Лицо Риосукэ во весь экран станции Сибуя, тинейджеры рьщают на коленях, а полицейские пытаются отправить их по домам. Они рыдают уже три дня, и никто не знает, насколько их еще хватит.

Риосукэ не обладает искусственной красотой тех программ, что гонятся за славой, как глупые дрессированные собачки — всегда используя одни и те же трюки. Риосукэ — это просто обыкновенный подросток, такая же красивая, как и любая из девчонок, что оплакивают ее смерть на полу станции Сибуя. Никто не знает, что сказать Риосукэ, потому что сама Риосукэ никогда ничего не говорила. Она только проходила на фоне своих песен с грацией принцессы в изгнании. У нее был роман с парнем из рабочего квартала, а еще она прожила год с одной печальной школьницей, которая запрятала свою собственную программу в какой-то темный угол сети. Поэтому на все про все остался только ее кот. Правда, кот — виртуальный или реальный, что в данном случае не важно, — как свидетель никуда не годится.

Я смотрю, как проходит вся эта скорбь, словно идиот на проходящую возможность, даже не пытаясь ее удержать.

Конечно же, идет дождь. Над площадью летают вертолеты телевизионщиков. Вокзал закрыт. Движение по улице остановлено. Людям страшно. Все эти дети готовы отдать жизнь за Риосукэ. Возможно, они так и сделают.

А где же она — сейчас, когда по всей стране замирают сердца, следуя ритму остановившегося сердца Риосукэ?

Откуда мне знать. Иногда в Токио мы проводили порознь целые дни, просто чтобы проверить, как это на нас отразится. Как двое безумных ученых, вводящие себе яд малыми дозами.

Я бреду за ней, пьяный, нагруженный чемоданами, по аэропорту Нарита, но она закинулась «бенгальскими огнями» и бежит как заведенная, а у меня отходняк от GРG, и в коридорах Нариты полно мерцающих «бегущих строк»; все они, на шести языках, транслируют стихи Кафу:

Если мне умереть суждено,

дайте мне умереть

до того, как придет зима.

Веселые стишки, они выплескиваются, как молоко из стакана на скатерть, и мне не удалось поспать, и я устал.

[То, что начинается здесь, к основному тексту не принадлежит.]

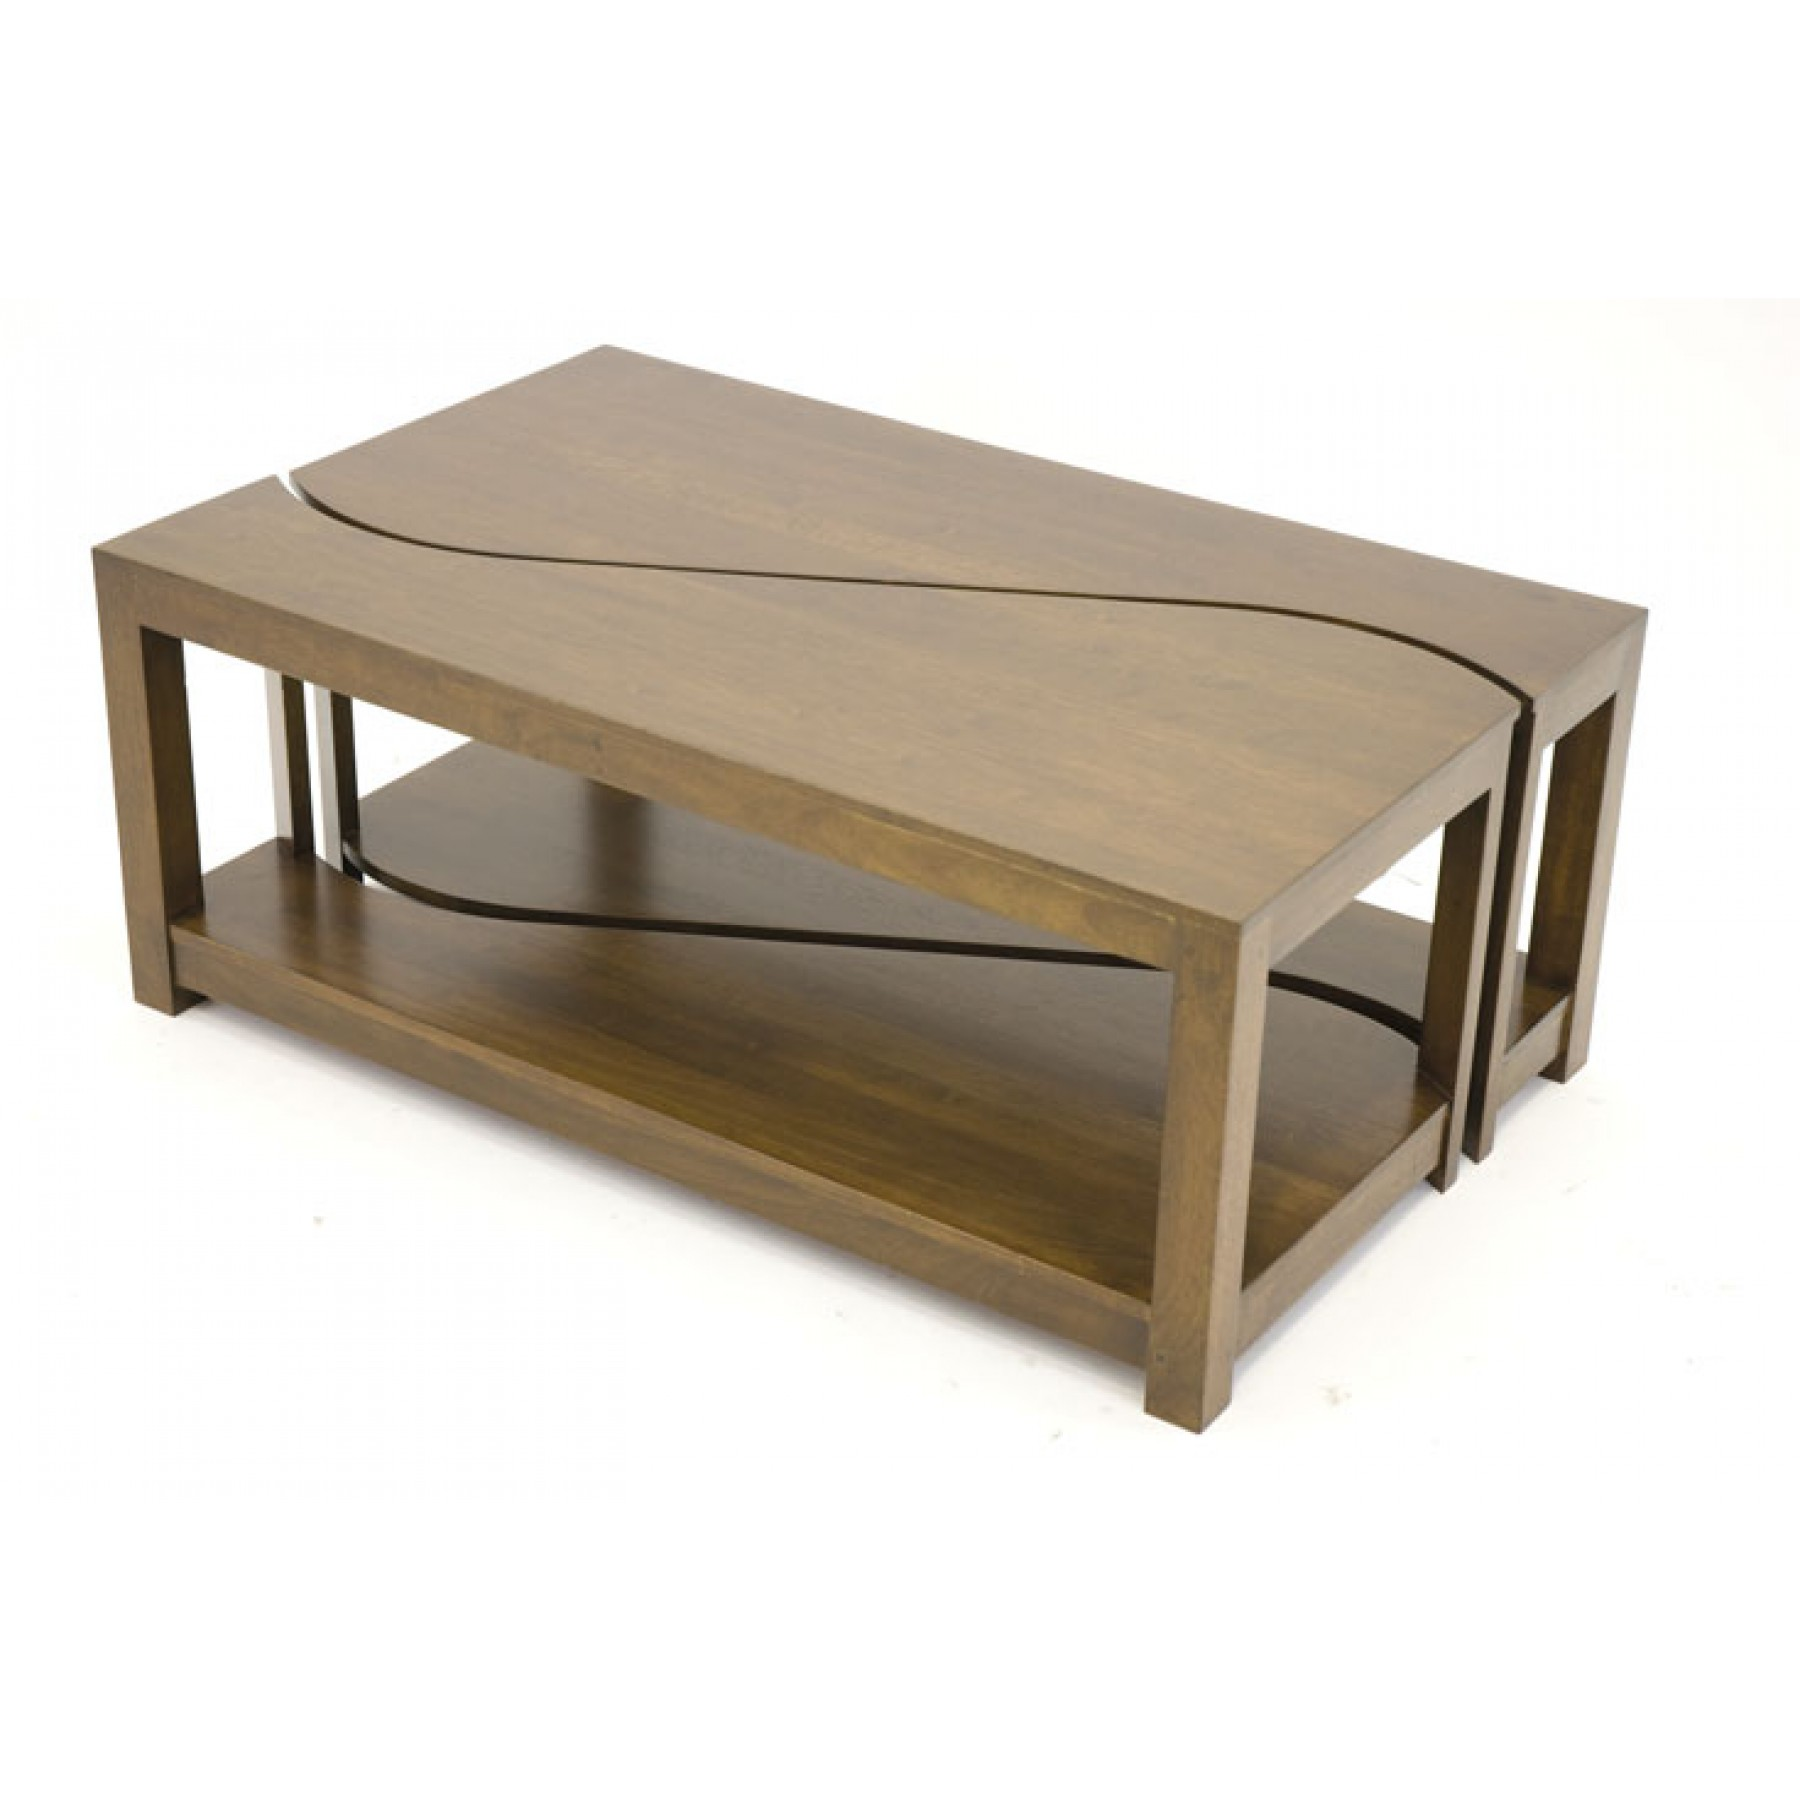 Table Rectangle 2 Design Éléments Kubu Nomadde Basse Par Mobilier 6vY7gybf

Она становится все меньше и меньше, приближаясь к концу коридора, а этот конец, разумеется, является началом другого коридора. Стук ее каблуков пробивается ко мне — бог знает как — сквозь все звуки аэропорта. И больше того, если слушать ее шаги, всего остального слышно почти не будет.

А куда она идет?

Не слишком далеко. Дело в том, что билеты у меня, и когда я достаю их для проверки из кармана пиджака, то обнаруживаю, что они вообще-то на другой день и что дожидаться этого дня нужно еще три недели. По причине, которую сейчас не установить, посреди прошлой ночи мы, растерзанные суровой быстродейственностью ослепительных амфетаминных дериватов, решили, что опаздываем на самолет, которого нет даже на горизонте.

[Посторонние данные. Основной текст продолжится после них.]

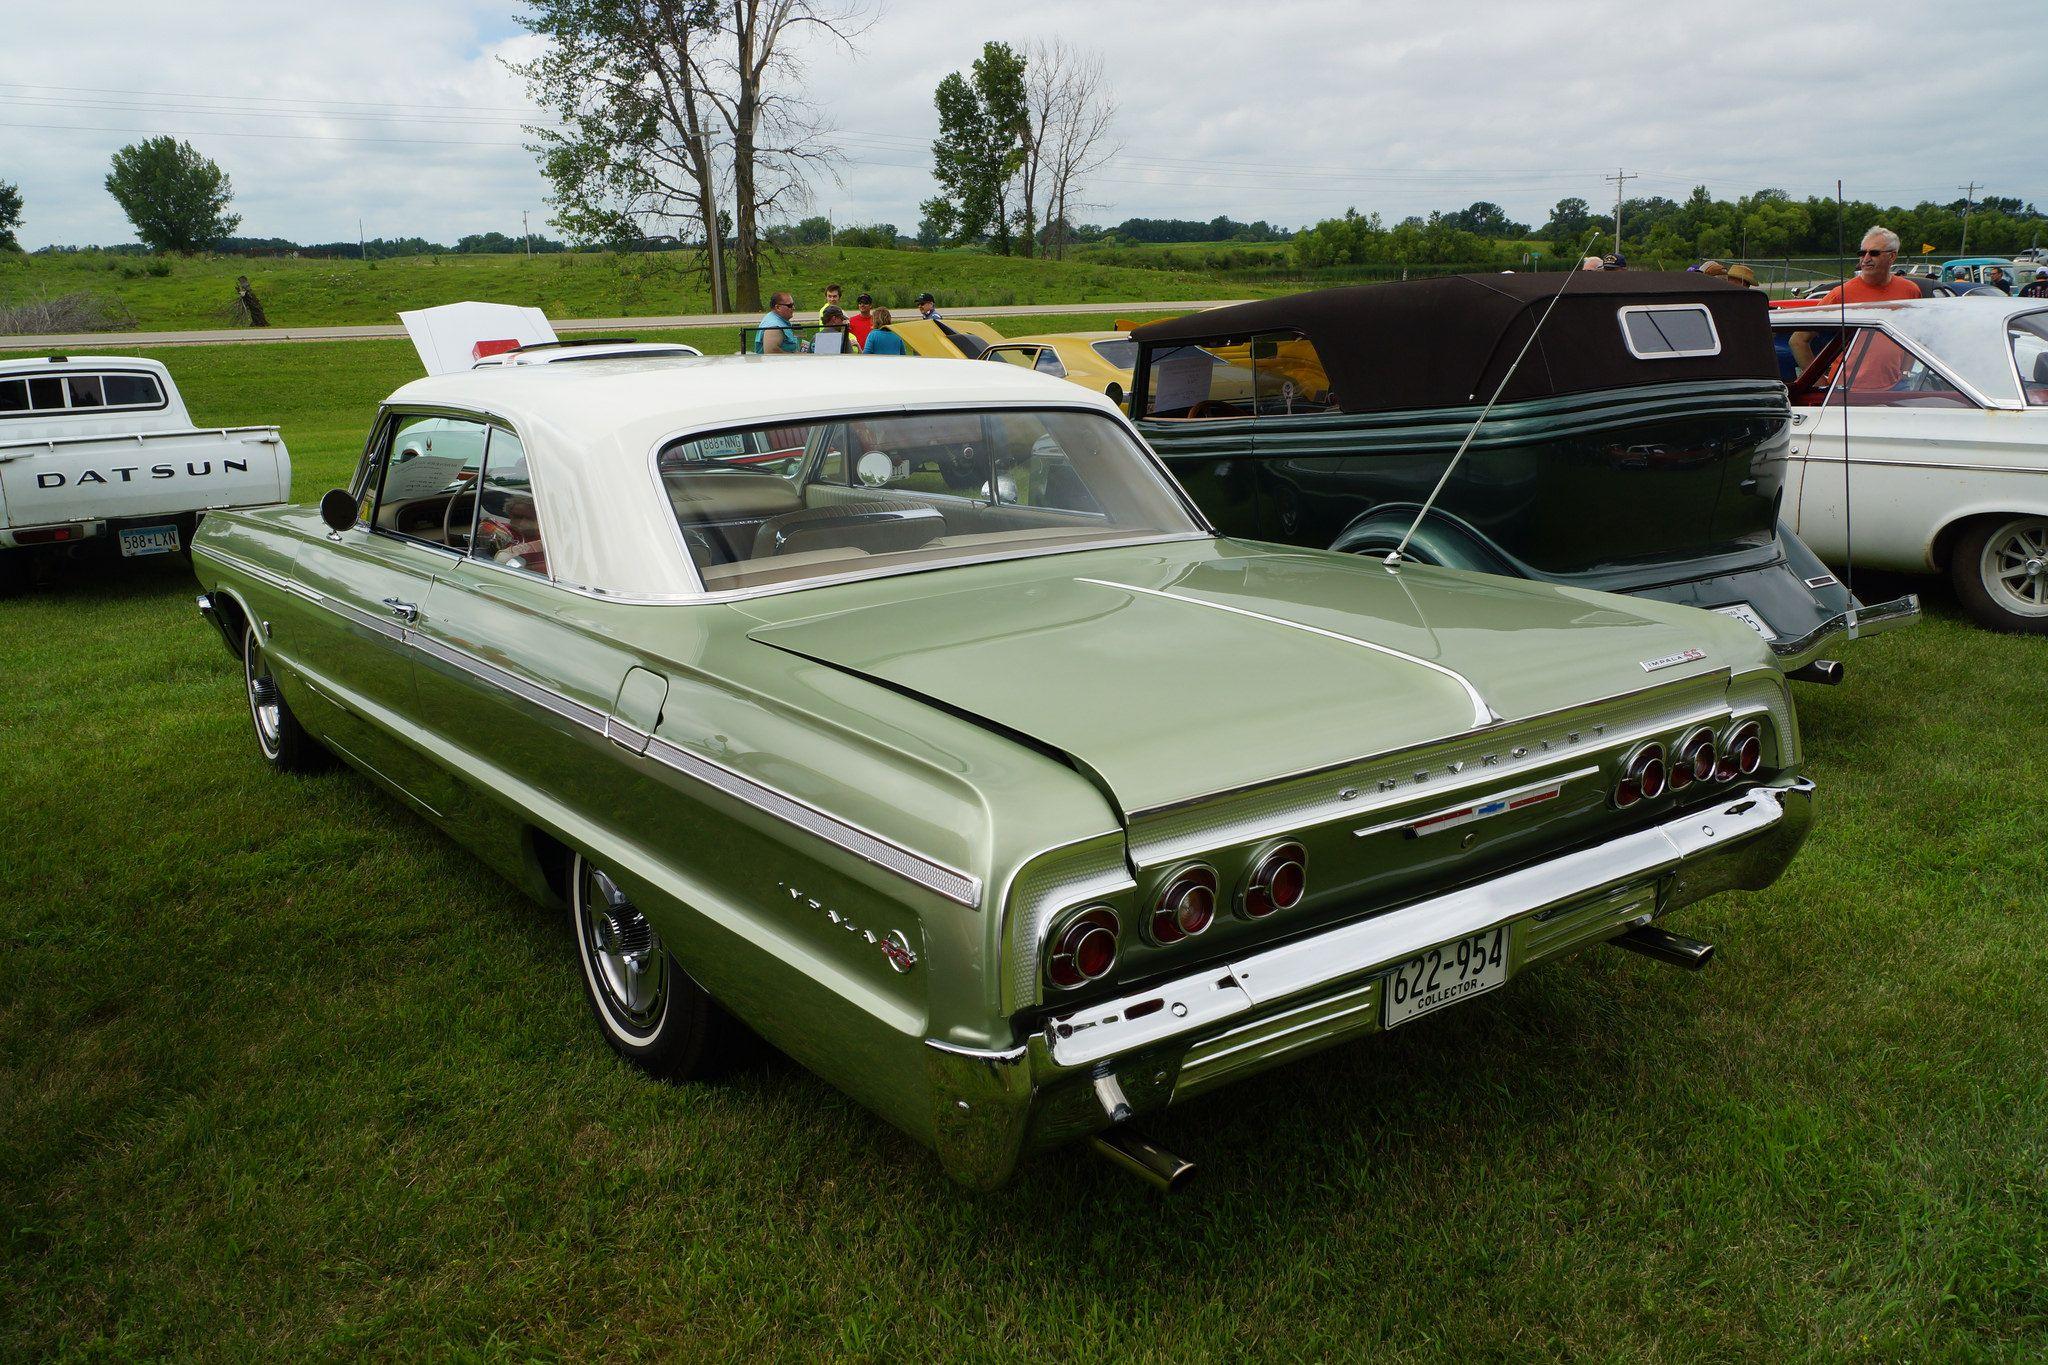 Cars and more chevy impala chevy impalas vehicles drag racing racing - 1964 Chevrolet Impala Ss

Я натыкаюсь на нее возле маленького кладбища, которое устроили почти во всех аэропортах, чтобы хоронить никем не востребованные тела погибших в воздушных авариях.

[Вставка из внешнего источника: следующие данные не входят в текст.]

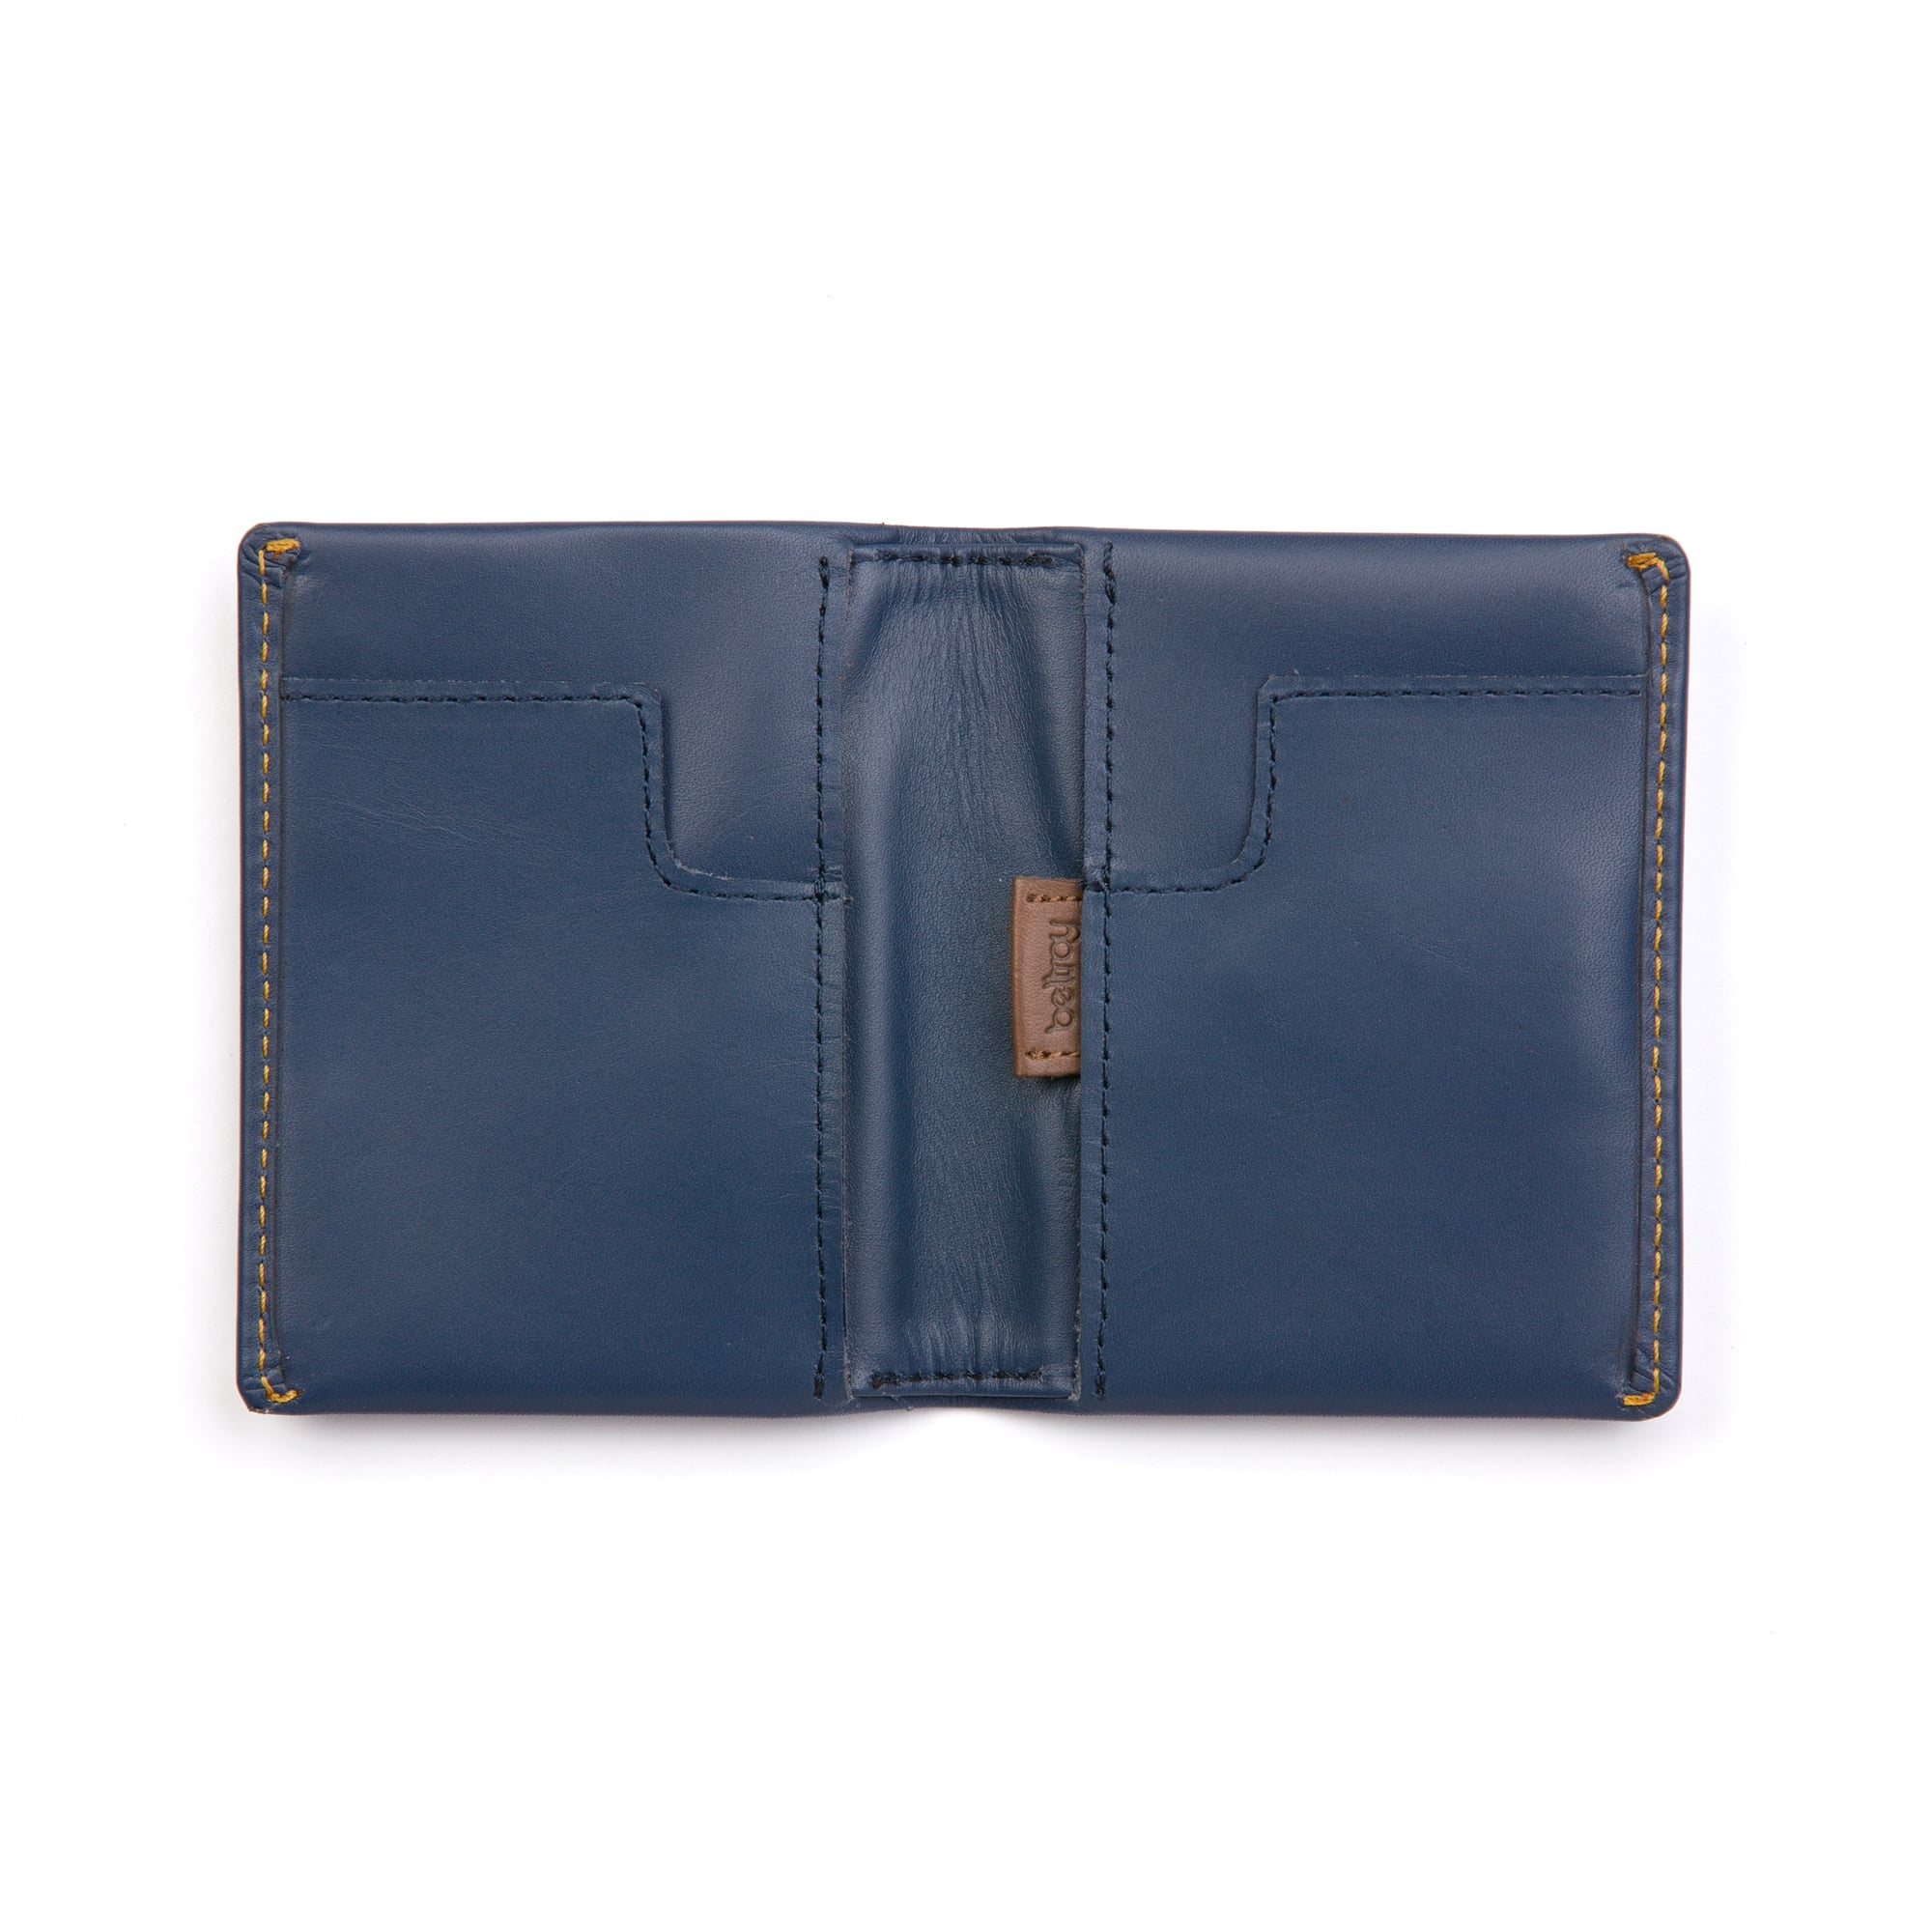 991a9017d1 Bellroy Bellroy Slim Sleeve Wallet Blue Steel 0708-WSSB

Кладбище в Нарите — это просто маленький зал с рядами табличек, таких же как памятники павшим в боях какой-нибудь войны. Она сидит на одной из скамеек в центре зала.

— Не волнуйся, — говорю я, — сейчас нам никуда лететь не надо.

— Если бы мой самолет разбился, — спрашивает она, — ты бы забрал мои останки?

— До последнего кусочка.

Услышав это, она чуть-чуть успокаивается. Мы покидаем кладбище и покидаем Нариту на первом же поезде в Синдзюку. В поезде пьем пиво, и целуемся, и нагло врем какой-то японке, спросившей, какой высоты пальмы в Санта-Монике.

Она жалуется, что уже не такая стройная, как раньше, потому что женщины после тридцати, даже самые стройные, начинают походить на своих матерей.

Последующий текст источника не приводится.